Looking back. Children just state the obvious. Yes, I may have had big hair. Now that we’re all older, I realise that they actually like my hair. You don’t have to be the same as everyone else to be loved. You just need to be yourself.

This is a lesson that can be taken all the way from birth to adulthood.

A few years later at the age of 14, this time with the cousins on my mum’s side. One of them said to me “Imani you are not ghetto enough to be in this family”. This time instead of putting yoghurt in my hair in an attempt to be the same, I realised that’s why they like me. We are now all a lot older than when we first started playing together. We have changed and grown, some of us have jobs, university or children. Yet we still have cousin sleepovers. We all have our little thing that makes us like each other more.

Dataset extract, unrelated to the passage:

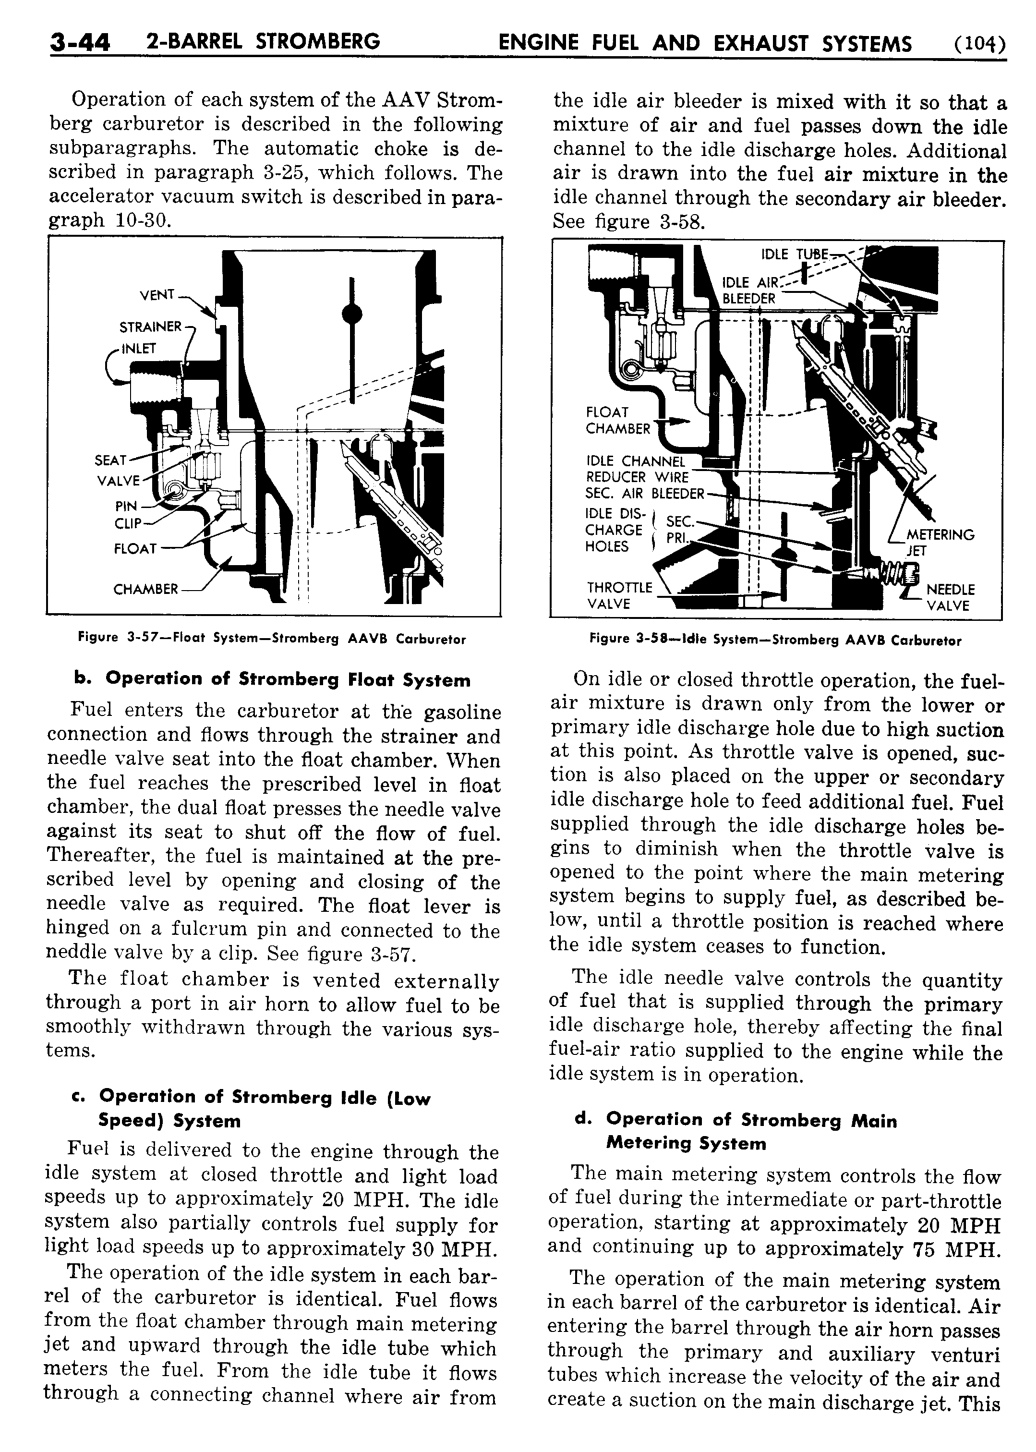 n_04 1955 Buick Shop Manual - Engine Fuel & Exhaust-044-044.jpg

Perhaps the most difficult thing that someone has said to me is that I was “old” or “boring”. This was at the age of 18. It hit me hard, someone I respect was saying I had changed and it wasn’t for the best. I had reached a cross road. Was I to attempt to be another person’s version of ‘fun’, or was I to stand my ground and be ‘boring’?

I decided that changing my personality for the benefit of others is not at all constructive. I was in a good place. The year before had been a disaster. My AS levels were shameful, at 18 I was finally getting on top of my studies. Change is not bad, just make sure that you’re reasons for change aren’t to your detriment. If this results in a person not wanting to associate with you anymore, maybe it’s for the best.

Also a big shout out to the Modahl/Edwards/Leiva family and Frid, who is the big sister I never had. I’m lucky to have a family that are also my friends.

Also I think it’s worth noting that, me not changing for other people didn’t ruin any relationships. It just created an understanding of the person I was becoming. Sometimes it just takes a bit of time to adapt.

Love you all x

2 thoughts on “A message to my 8 year old self.

  1. Amazing! to have so much wisdom at a young age is a credit to you and your family. Im a lot older and still struggle to work out who I am, or if I should change to suit others. I must add you are also a wonderful role model, my children run at sports city and I have seen the way you encourage the youth of today… An amazing young lady!